Perhaps I used the wrong name when I suggested using "grommets" in post # 2. Perhaps rubber o-rings is a better name. You know the rubber grommets or o-rings that are slid over external cables that run along the top or down tubes? They're installed to get rid of cable slap noise and to reduce the risk of the cable scratching the paint. Use 2 or 3 of these same o-rings on the cable where it passes through the frame. It won't stop the cable from shaking around and bouncing off the inside of the tube when you go over bumps, but it should get rid of the annoying noise just as well as they do for externally routed cables.


----------



## denmikseb (Aug 7, 2005)

RHankey said:


> Perhaps I used the wrong name when I suggested using "grommets" in post # 2. Perhaps rubber o-rings is a better name. You know the rubber grommets or o-rings that are slid over external cables that run along the top or down tubes? They're installed to get rid of cable slap noise and to reduce the risk of the cable scratching the paint. Use 2 or 3 of these same o-rings on the cable where it passes through the frame. It won't stop the cable from shaking around and bouncing off the inside of the tube when you go over bumps, but it should get rid of the annoying noise just as well as they do for externally routed cables.


Those "donuts" fit over bare cable, we need something to fit over the cable housing.


----------



## richsto (May 4, 2007)

If I understand correctly the o-ring should go on the bare cable inside the top tube. The housing connects to the plastic fittings which fit into the top tube - the cable would have to come out of the housing and then you would slide the o-rings onto the cable so they would line up inside the top tube then the housing and fitting would go back together.

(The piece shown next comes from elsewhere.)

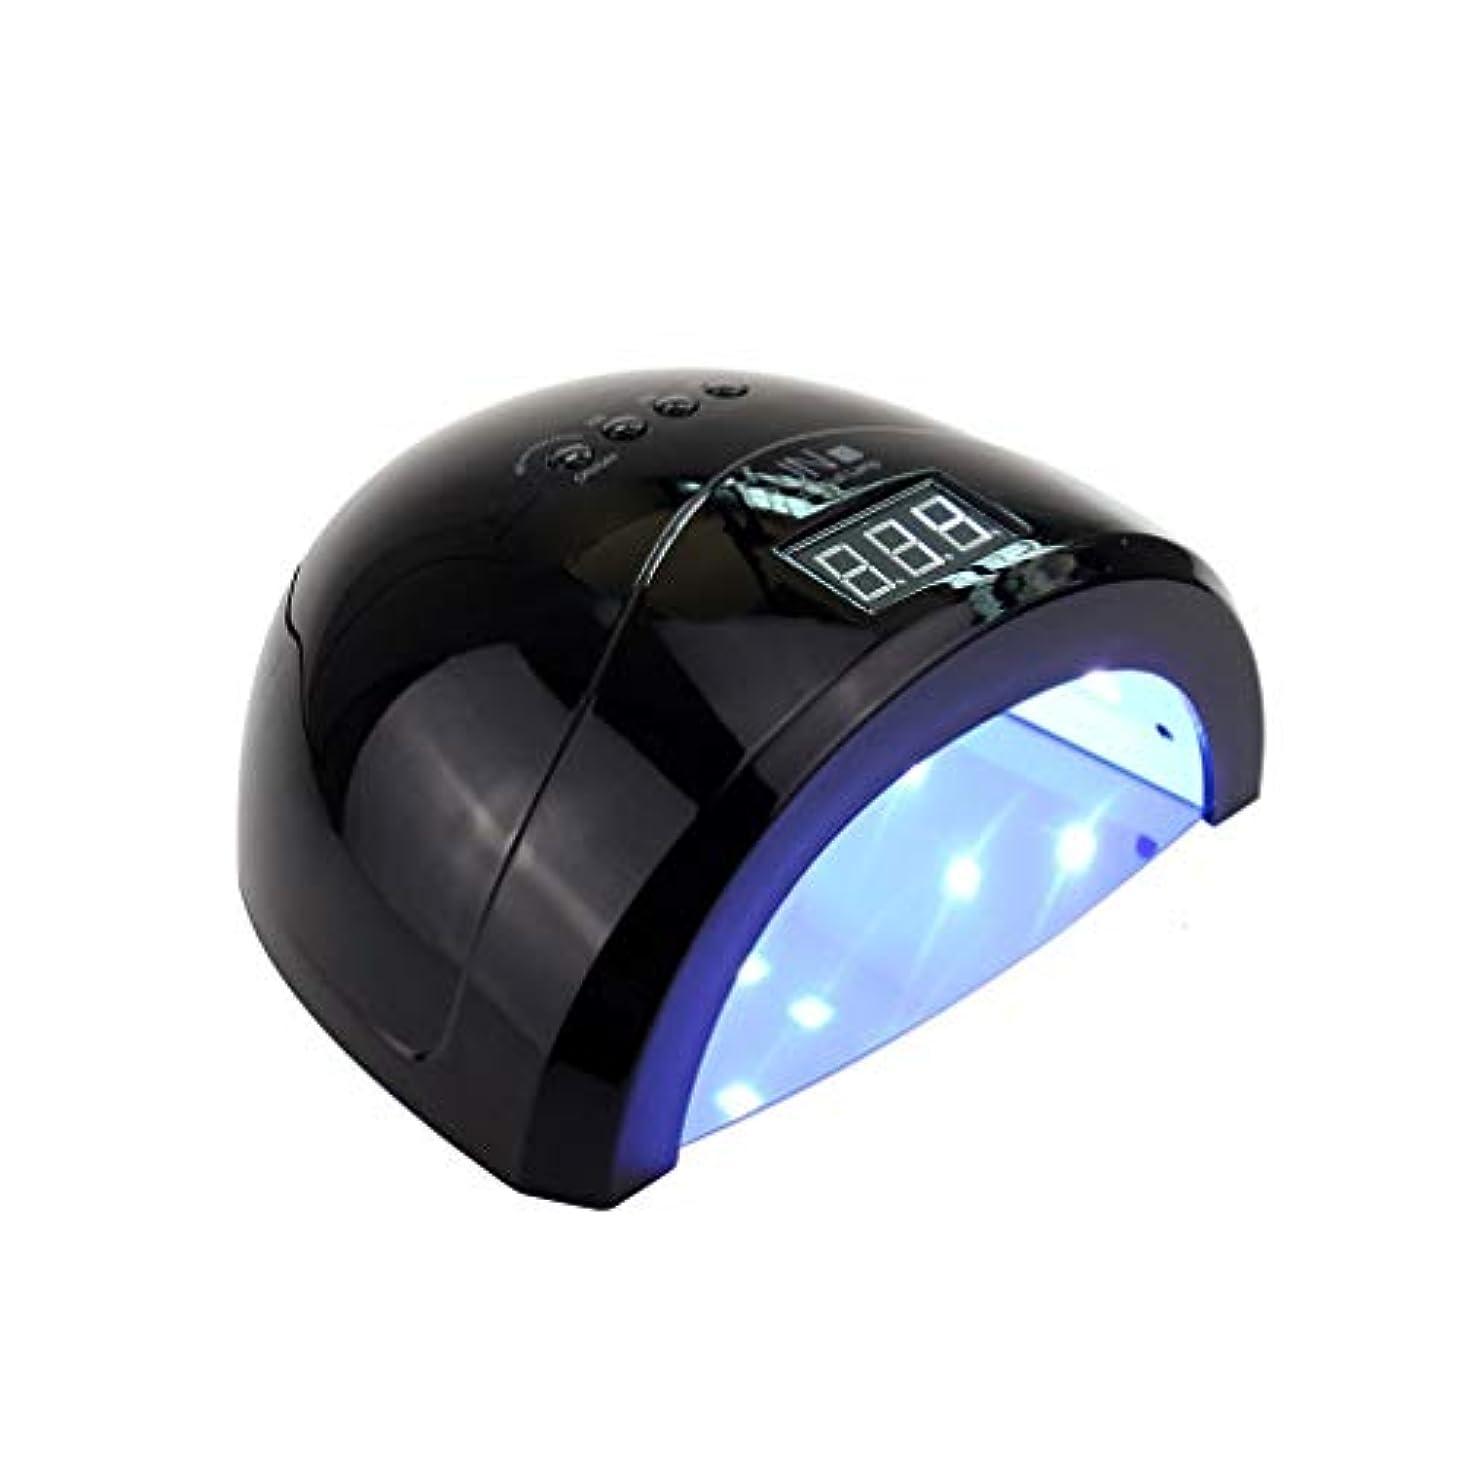 コストガス注目すべきデュアル光源UV/LEDネイルライト、ジェルネイルポリッシュ用48Wスマートネイルドライヤー、時限設定、クイックドライ、ブラックハンドなし(ブラック)

I still don't know how it all comes apart and goes back together since I haven't tried it and I'm really not a "wrencher". If someone tries this and can give a step by step that would be helpful.

Rich


----------



## wim (Feb 28, 2005)

*Careful reading.*



> _If I understand correctly the o-ring should go on the bare cable inside the top tube_


As denmikseb explained in post #18, there is no bare cable inside the top tube. The *cable housing *with the bare cable inside of it runs through the top tube. The *outside of the cable housing*—not the bare cable—rattles against the inside of the top tube. It's a very simple arrangement.


----------



## Chris Oz (Oct 8, 2005)

I have the same problem. I have found that if I touch the front plastic entry cover the noise goes away. I have been planning to put small amount of silicon sealant in around the whole to tighten up the fit. In my case it appears that the cover doesn't fit very well.


----------



## toonraid (Sep 19, 2006)

Guys, does the cable casing actually touch the top tube - I mean the is an entry (plastic guide) and there is an exit (plastic guide) and I think there must be a guide or routing between the two as the cable casing is threaded through to the exit - if there was nothing there then the cable casing wouldn't find its way out! If thats the case then putting sponge or whatever is not going to fix the problem - unless whatever guiding is in there has come loose somehow and if thats the case then it must be loose at one of the connection points i.e. inlet or exit. If so then Chris OZ's solution should fix the problem. I would be interested to know how the cable casing is threaded throught the top tube (I am just guessing) if anyone has any ideas.


----------



## wim (Feb 28, 2005)

*No guide in a Felt.*



toonraid said:


> Guys, does the cable casing actually touch the top tube - I mean the is an entry (plastic guide) and there is an exit (plastic guide) and I think there must be a guide or routing between the two as the cable casing is threaded through to the exit - if there was nothing there then the cable casing wouldn't find its way out! If thats the case then putting sponge or whatever is not going to fix the problem - unless whatever guiding is in there has come loose somehow and if thats the case then it must be loose at one of the connection points i.e. inlet or exit. If so then Chris OZ's solution should fix the problem. I would be interested to know how the cable casing is threaded throught the top tube (I am just guessing) if anyone has any ideas.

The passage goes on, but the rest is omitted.